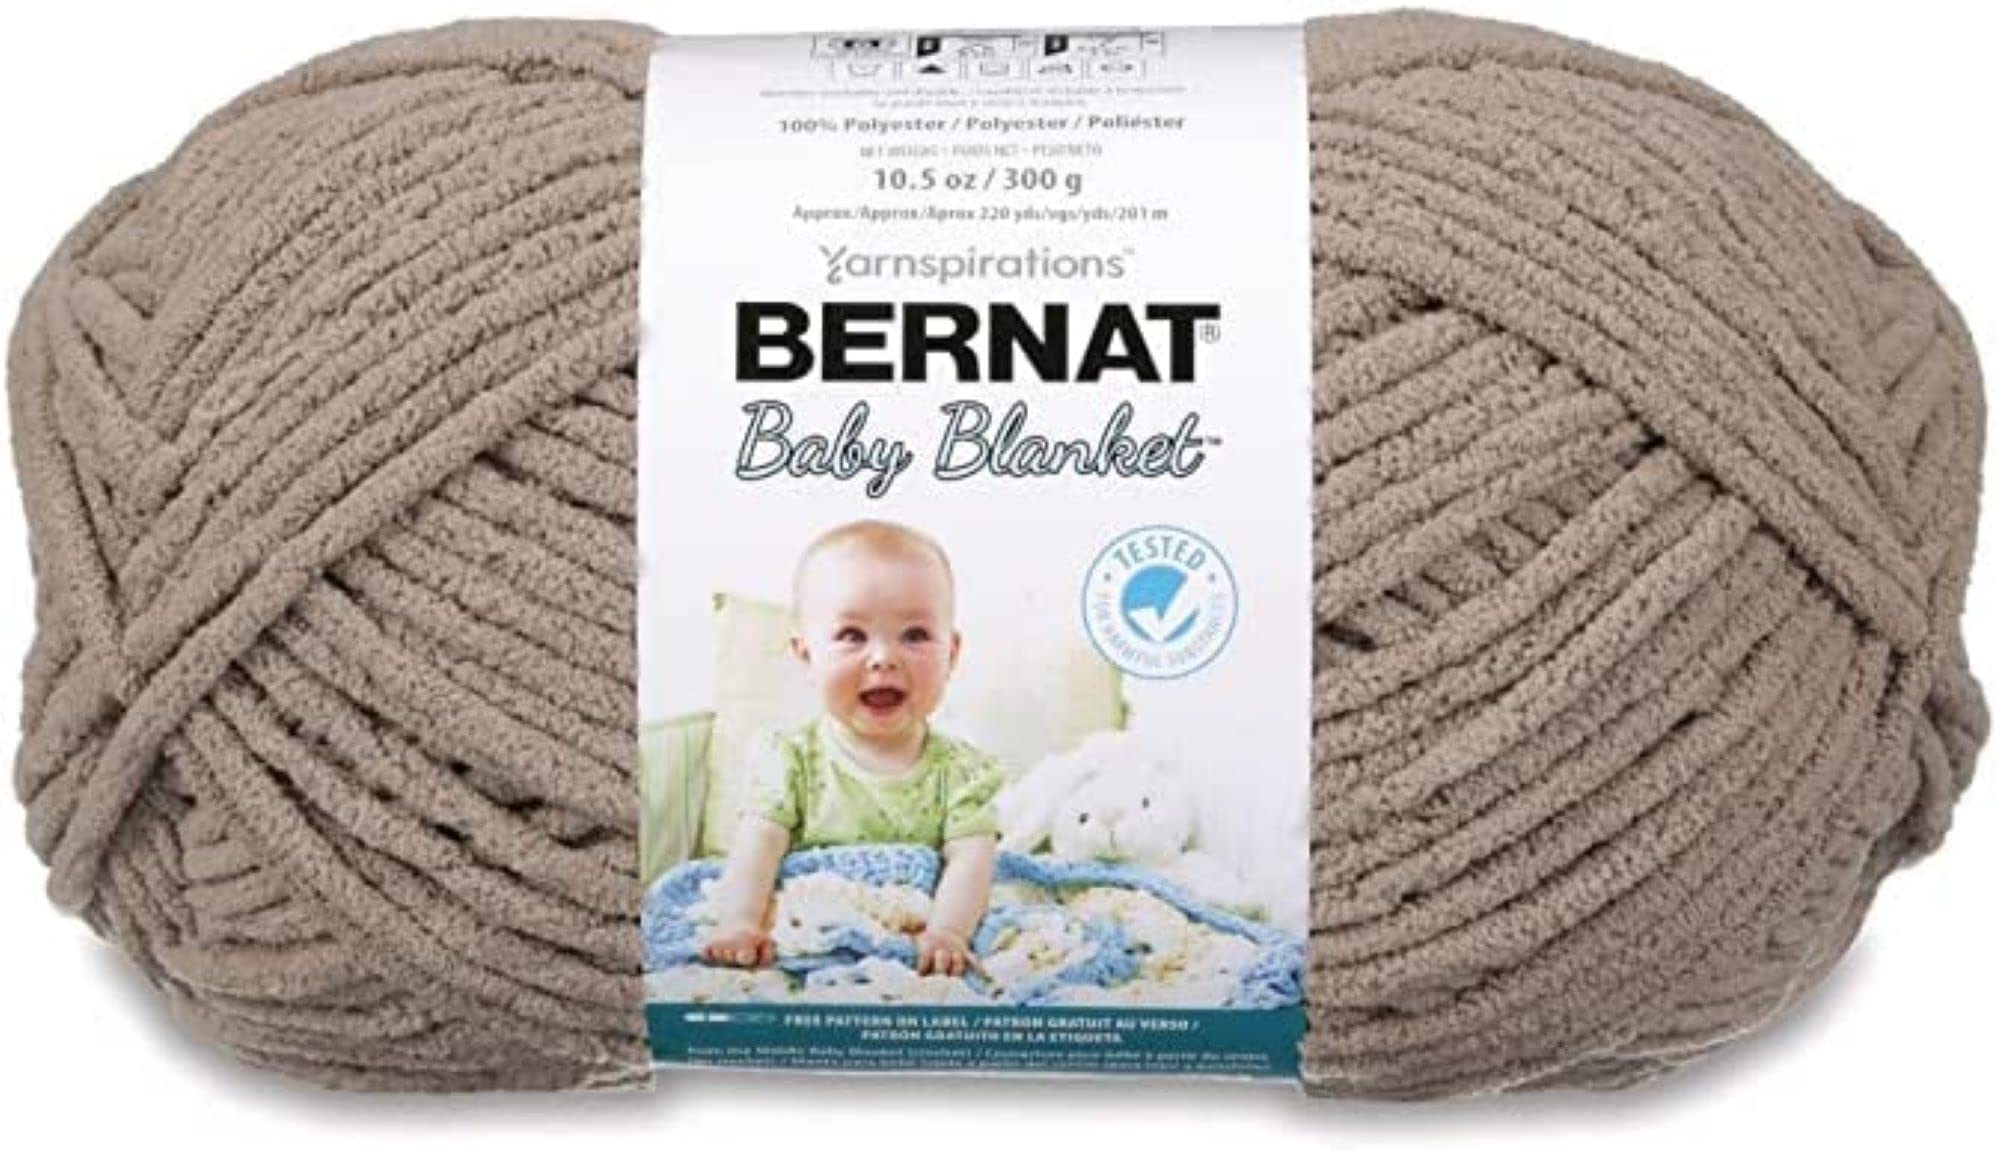 Bernat Blanket Twist Yarn (300g/10.5oz)
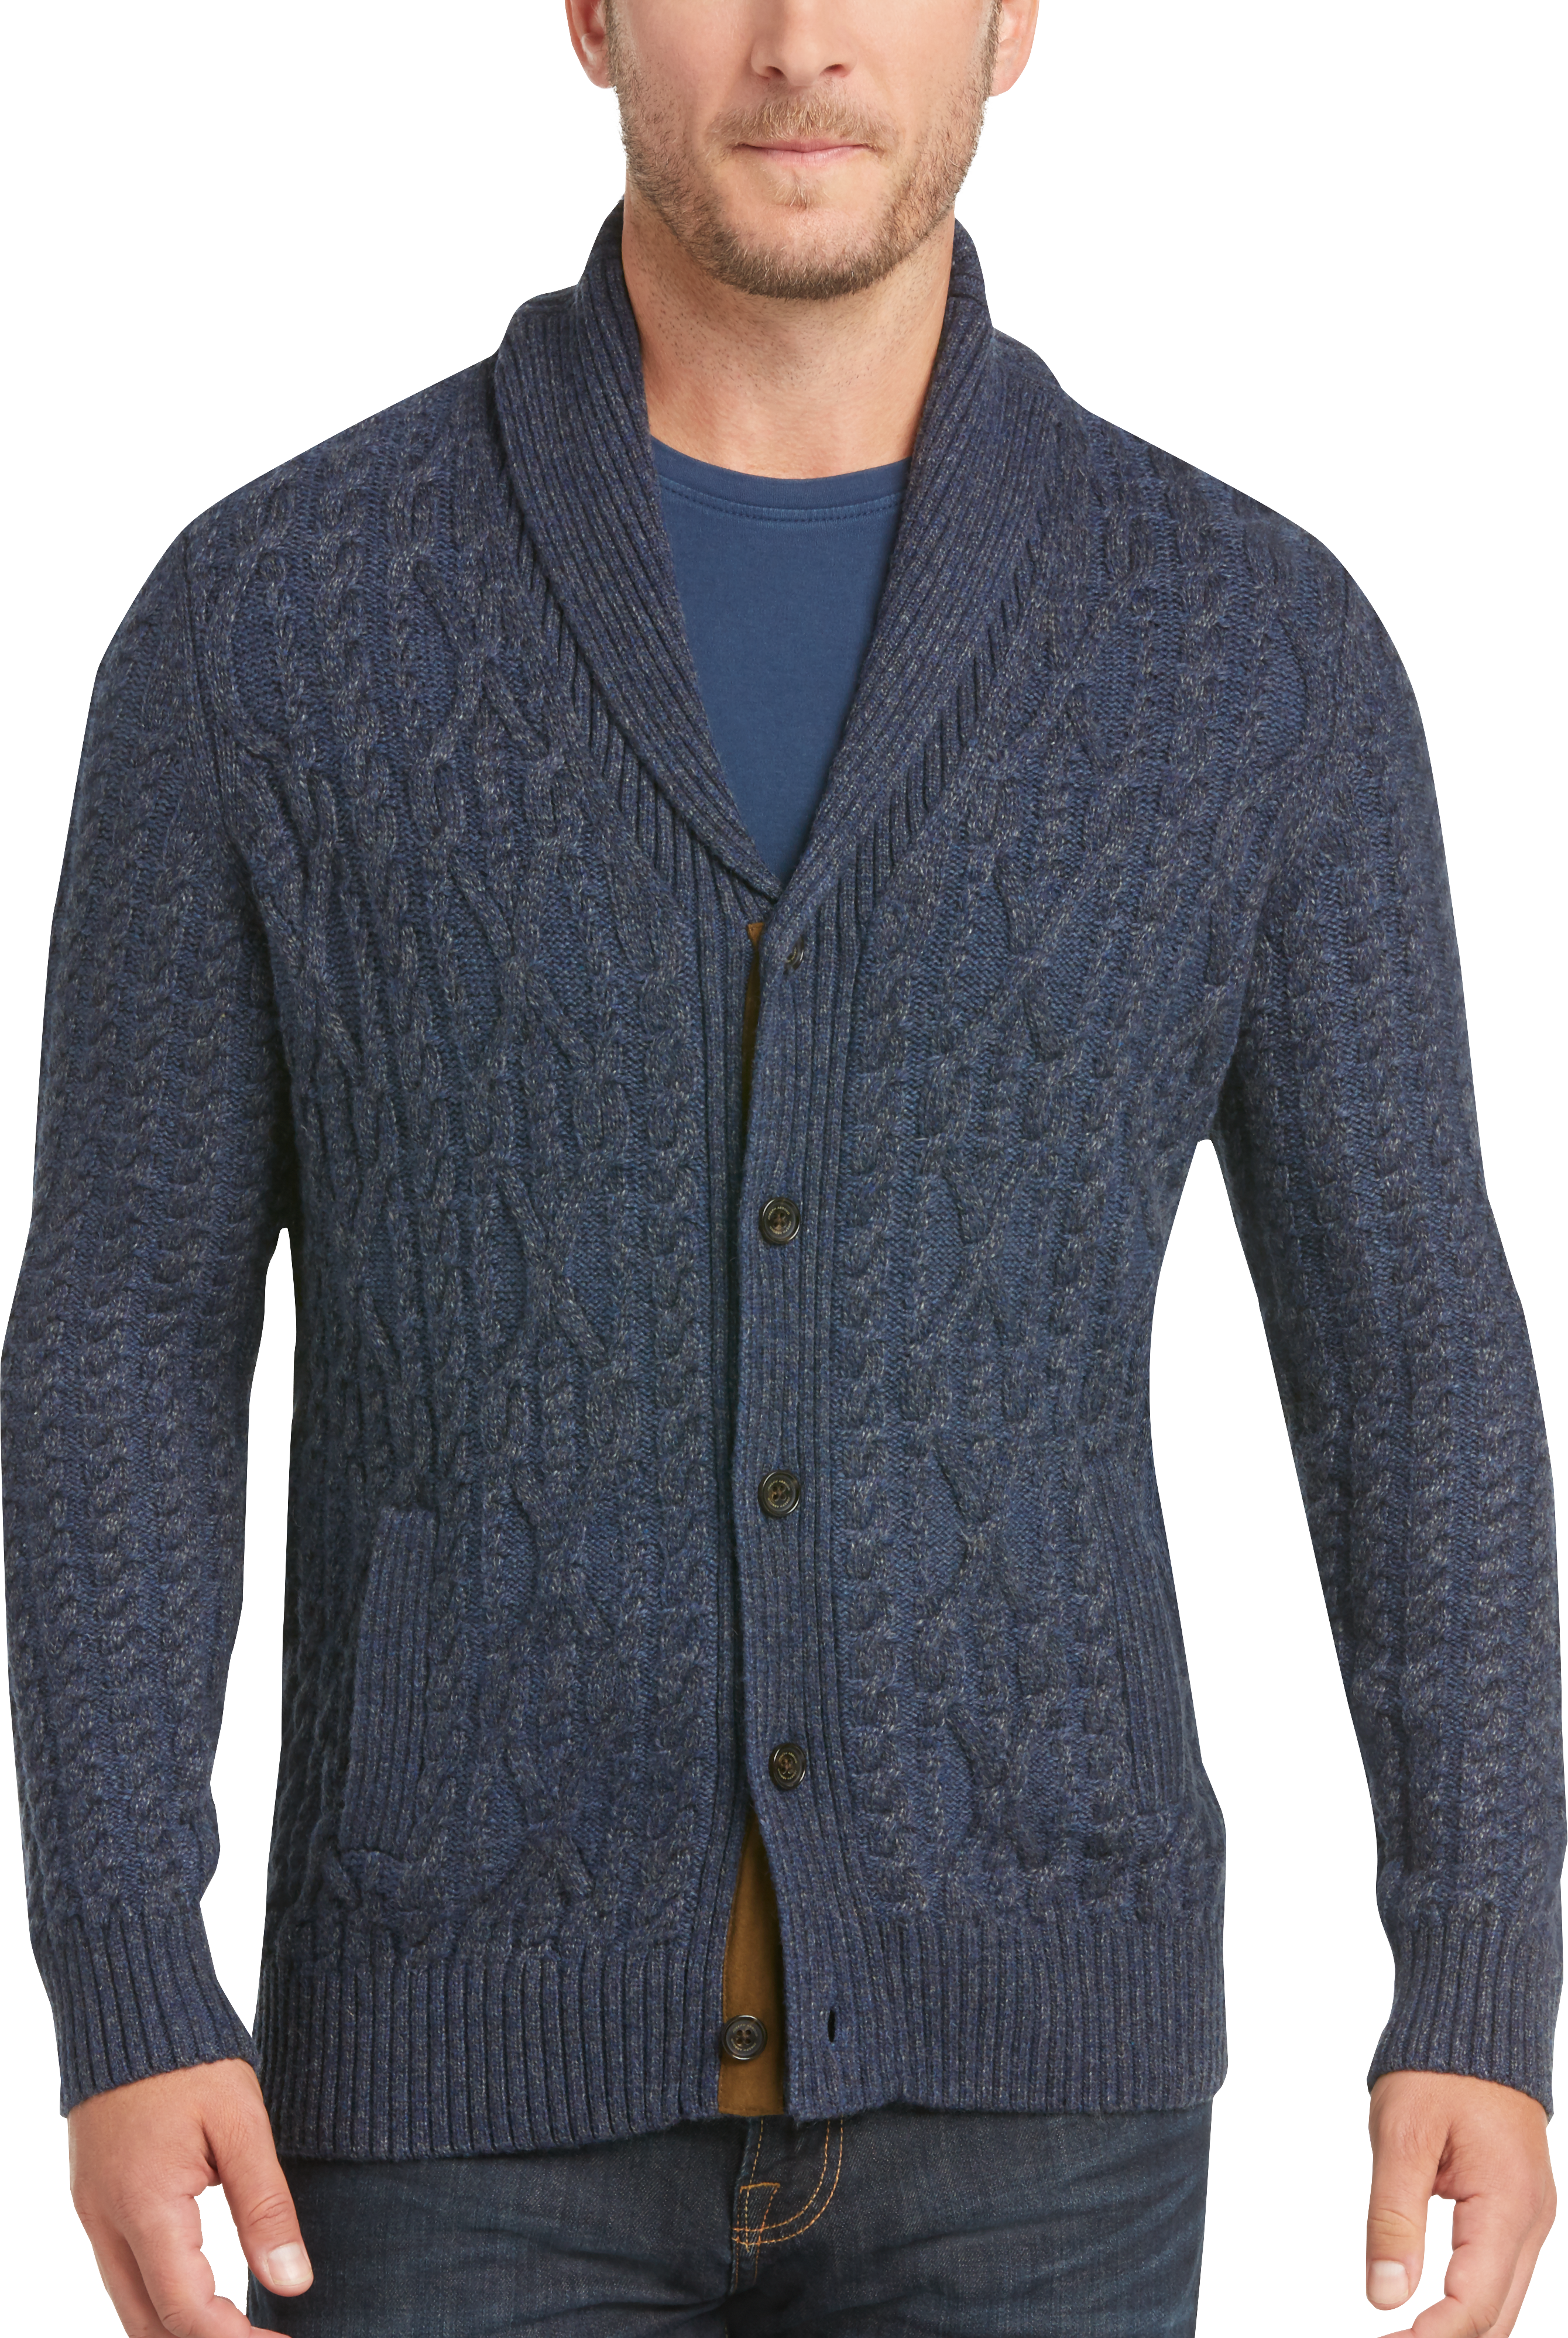 Men's Sweaters - Polo, Button up, Turtlenecks | Men's Wearhouse
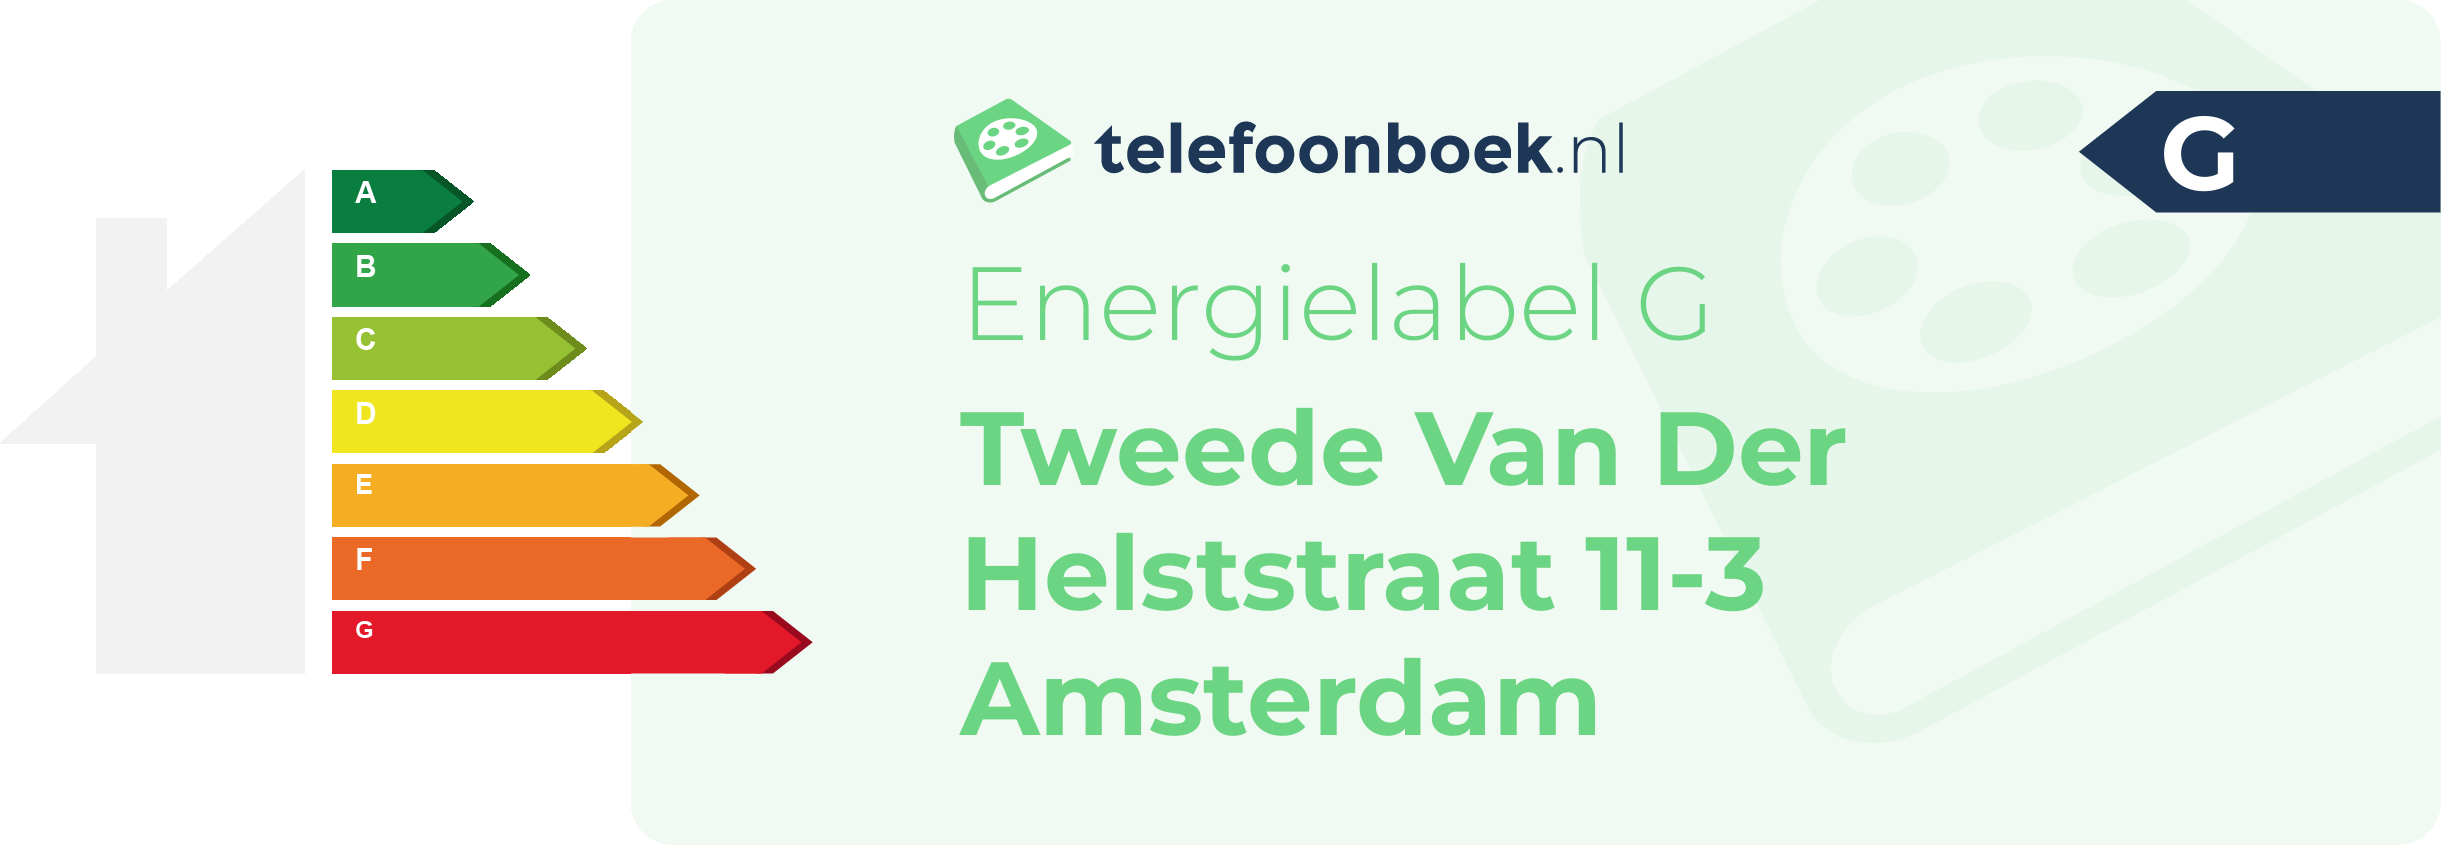 Energielabel Tweede Van Der Helststraat 11-3 Amsterdam

## What is needed:
Exclude every image and return the material above exactly.

## Exercise response:
 Bernat Blanket Twist Yarn (300g/10.5oz)
 Men's Sweaters - Polo, Button up, Turtlenecks | Men's Wearhouse
 Energielabel Tweede Van Der Helststraat 11-3 Amsterdam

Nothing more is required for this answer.